My attempt. Let $u = ( u_{x} \ u_{y} )^T$

$$ \mu \nabla^2u = ( \mu \nabla^2 u_{x} \ \ \mu \nabla^2u_{y} )^T = $$ $$\mu \begin{pmatrix} \nabla^2 & 0 \\ 0 & \nabla^2 \end{pmatrix}\begin{pmatrix} u_{x}\\ u_{y} \end{pmatrix} $$

where the laplacian in the Kronecker product is: $$ \nabla^2 = L_{2}\otimes I_{n_{x}} + I_{n_{y}} \otimes L_{2} $$

\begin{equation} L_{2} = \frac{1}{h^2}\left[\begin{matrix} -2 & 1 & & 0\\ 1 & \ddots & \ddots & \\ & \ddots & \ddots & 1 \\ 0 & & 1 & -2 \end{matrix} \right] \end{equation}

$h$ is the step size or mesh size... Now

$$ (\lambda+\mu)\nabla \nabla \cdot u = $$ $$ \begin{pmatrix} (\lambda+\mu)\frac{\partial^2 u_{x}}{\partial x^2} + (\lambda+\mu)\frac{\partial^2 u_{y}}{\partial x \partial y}\\ (\lambda+\mu)\frac{\partial^2 u_{x}}{\partial y \partial x}+(\lambda+\mu)\frac{\partial^2 u_{y}}{\partial y^2} \end{pmatrix} = $$

$$ (\lambda+\mu) \begin{pmatrix} \frac{\partial^2 }{\partial x^2} & \frac{\partial^2 }{\partial x \partial y} \\ \frac{\partial^2 }{\partial y \partial x} & \frac{\partial^2 }{\partial y^2} \end{pmatrix} \begin{pmatrix} u_{x} \\ u_{y} \end{pmatrix} $$

$$ \frac{\partial^2 }{\partial x^2} = L_{2}\otimes I_{n_{x}} $$ $$ \frac{\partial^2 }{\partial y^2} = I_{n_{y}} \otimes L_{2}$$

My question is how do I represent the following operators in terms of $L_{2}, I, \otimes$ or is not possible ? if it is not possible, what is the matrix representation of...?

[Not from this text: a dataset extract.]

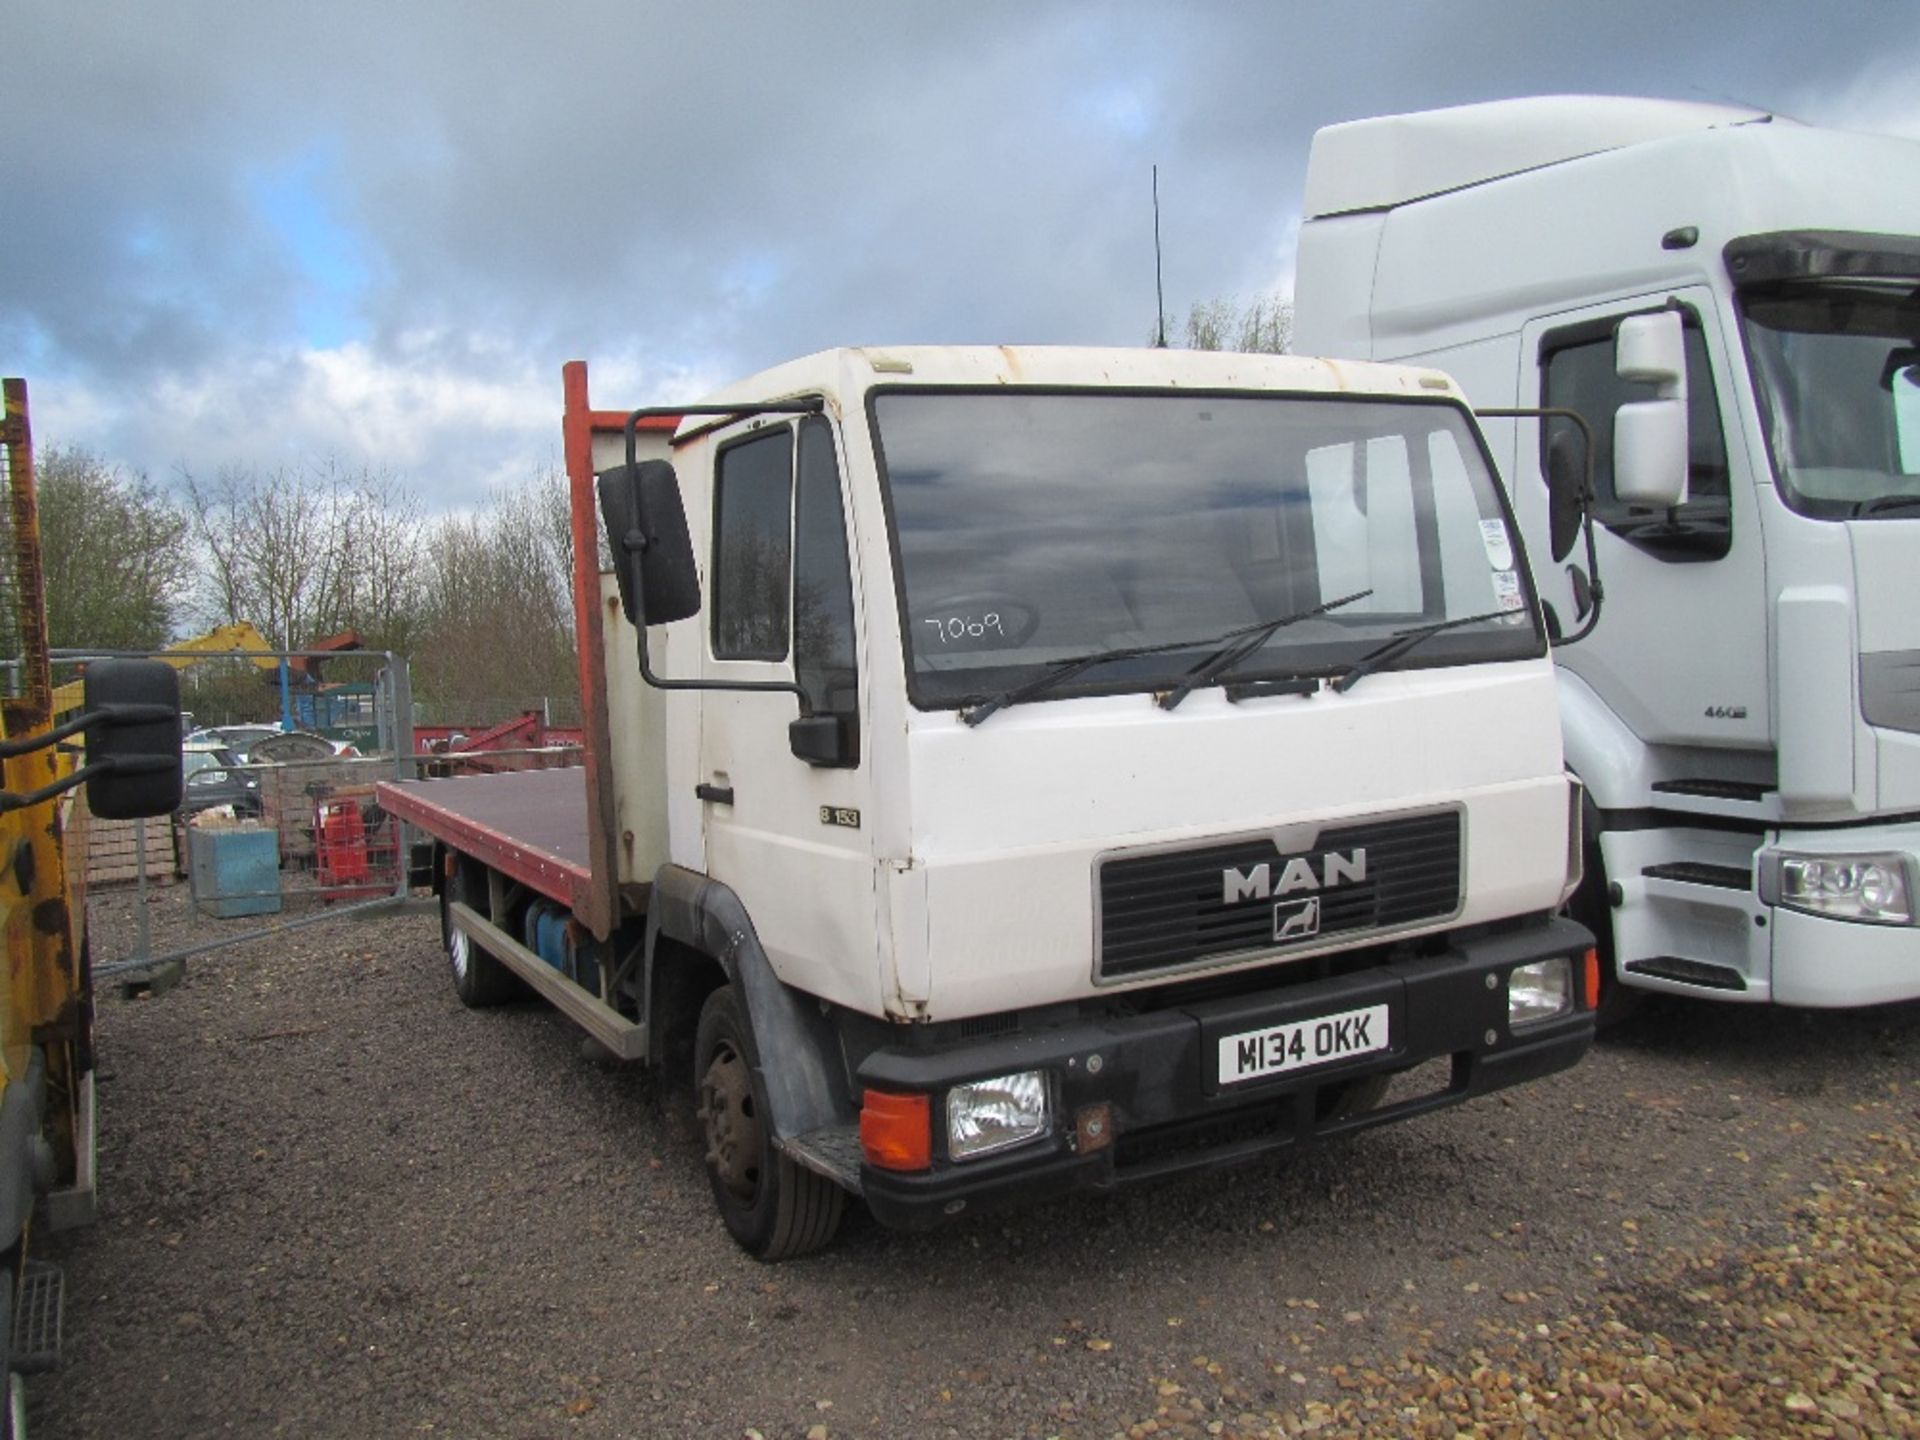 1994 Man 7.5 Ton Flat bed c/w New Floor Fitted. Reg Docs will be supplied. Reg. No. M134 OKK - Image 3 of 7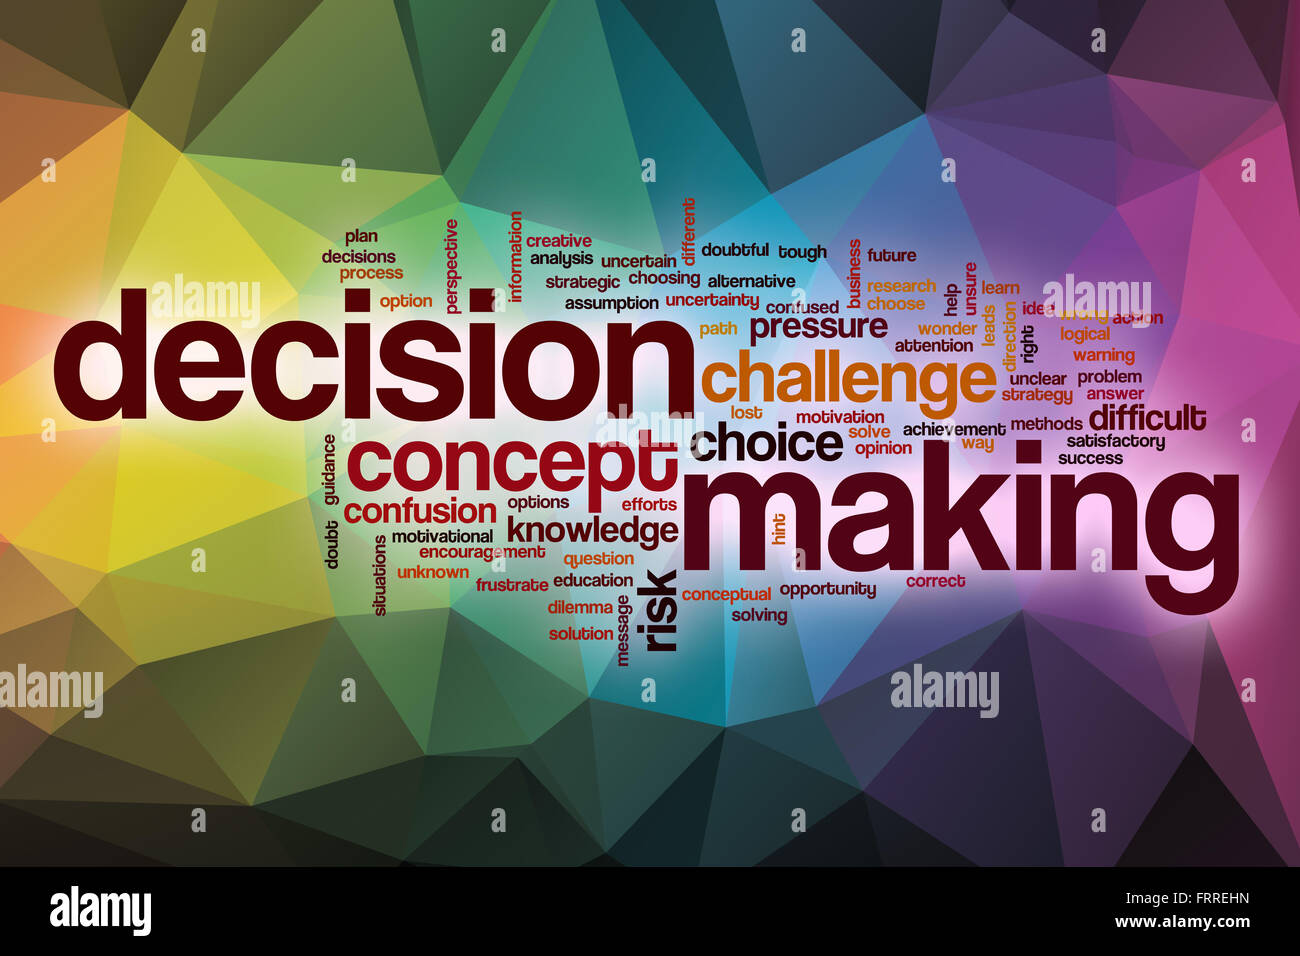 Decision making word cloud concept with abstract background Stock Photo

$$\frac{\partial^2 }{\partial x \partial y} = \textbf{ ? }$$ $$\frac{\partial^2 }{\partial y \partial x} = \textbf{ ? }$$

Thank you!

EDIT: PHYSICAL INTERPRETATION This is known as the wave equation in elastodynamic (a more general form)

where $\lambda$ and $\mu$ are the Lame’s coefficients given by

$$ \mu = \frac{E}{2(1+\upsilon)} $$ and $$ \lambda = \frac{E\upsilon}{(1+\upsilon)(1-2\upsilon)} $$

where $E$ is the modulus of elasticity (Young modulus) and $\upsilon$ is the Poisson’s ratio of the elastic material. $\rho$ is the linear density.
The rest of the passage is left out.